Electric flux related to perpendicular suf?

[hermtm2]

Electric flux related to perpendicular suf?

Hello.

This is my first in here.
I am studying on Physics electricity and magnetism.
While I am reading the concept of electric flux, the textbook repeatly mention about "perpendicular to the surface" . Why is the perpendicular surface important?

Here is the one of the paragraph from the book.

"For a sphere centered on the point charge Q, the flux is just this product pi=EA=Q/e0, as introduced in the expression for Coulmb's law above. This expressition pi is correct in this case because the electric field at the surface is always perpendicular to the surface and its magnitude is the same at all points on the surface."

Thanks.

 

[Bob S]

If your sphere is a conductor, then there is no electric field parallel to the surface.

 

[Born2bwire]

That's really just the definition of flux, the integral over a surface of the vector quantity that is normal to the surface. It is a measure of flow through a surface area. If the flow is parallel to a surface, then there is no flow through the surface, illustrated by the fact that the normal component is zero.

 

[Thevanquished]

electric field lines is ALWAYS perpendicular to the surface it hits and also does not cross one another. Thats just a fact

 

[espen180]

electric field lines is ALWAYS perpendicular to the surface it hits and also does not cross one another. Thats just a fact

You are right in that field lines (or surfaces) never intersect, at least in conservative fields, as that would violate the conservation of energy.
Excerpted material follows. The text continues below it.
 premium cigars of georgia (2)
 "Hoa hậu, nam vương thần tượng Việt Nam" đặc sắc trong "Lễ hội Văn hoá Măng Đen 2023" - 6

Still, electric field lines need not be perpendicular with every surface. I think you are talking about $$\int \vec{E}\cdot \vec{dl}=0$$ at the surface of any conductor. Indeed the electric field lines are perpendicular to all conducting surfaces, which simply means that conductor surfaces are equipotential surfaces.

 

[dx]

The component of the flow which is parallel to the surface does not contribute to the flux (because it is along the surface), so the flux depends only on the perpendicular component of the flow.

 

[Thevanquished]

You are right in that field lines (or surfaces) never intersect, at least in conservative fields, as that would violate the conservation of energy.

Still, electric field lines need not be perpendicular with every surface. I think you are talking about $$\int \vec{E}\cdot \vec{dl}=0$$ at the surface of any conductor. Indeed the electric field lines are perpendicular to all conducting surfaces, which simply means that conductor surfaces are equipotential surfaces.

haha yea forgot that it was only for conductors cause questions usually deal with conductors. thanks for the correction though, point noted

 

[RohansK]

The electric or magnetic field essentially associates a force experienced by a point charge or a magnetic substance placed in the field. This strength is called the flux.

Rather the force experienced is the outcome or result or what we can call a manifestation of the exsistence of any such field.

And any force experienced is the maximum only when it acts Normal or Perpendicular to a surface. And the force exerted by the field can be defined only for the maximum intensity of it for a given charge producing the field.

And as mentioned earlier this can happen only when the force is Perpendicular ie inturn the flux being Normal to the surface on which it acts.

Thus the field is always perpendicular to the surface.

 

[dx]

Nonsense, RohansK. The field is in general not perpendicular to a gaussian surface. It is only true in special situations, like the one in the OP where the surface is a sphere centered on a charge.

 

[Doc Al]

While I am reading the concept of electric flux, the textbook repeatly mention about "perpendicular to the surface" . Why is the perpendicular surface important?

In special situations of high symmetry (like the one referenced in that quoted paragraph) the electric field is perpendicular to the Gaussian surface and has the same magnitude everywhere on the surface. That makes it easy to compute the total flux through that surface in terms of the electric field and thus use Gauss's law to solve for the electric field.

 

[mikelepore]

In special situations of high symmetry (like the one referenced in that quoted paragraph) the electric field is perpendicular to the Gaussian surface and has the same magnitude everywhere on the surface. That makes it easy to compute the total flux through that surface in terms of the electric field and thus use Gauss's law to solve for the electric field.

When you say "high symmetry" you must mean a point charge or a spherical distribution. If you put a Gaussian surface around a line distribution or sheet distrubution it will be necessary for the closed surface to have some segments where the electric field is parallel and not perpendicular.

 

[Doc Al]

When you say "high symmetry" you must mean a point charge or a spherical distribution. If you put a Gaussian surface around a line distribution or sheet distrubution it will be necessary for the closed surface to have some segments where the electric field is parallel and not perpendicular.

I didn't want to go off into those details in answering the OP's question, but you are of course correct. You need enough symmetry to make the flux easy to calculate. That will happen when the field is perpendicular or parallel to the surface. (It's real easy to calculate the flux contribution when the field is parallel to the surface--it's zero.)

 

[espen180]

This is the reason why carefully choosing your gaussian suface is important. Choosing the wrong surface, where high symmetry does not occur, might render the task of calculating the flux near impossible (or at least extremely laborious).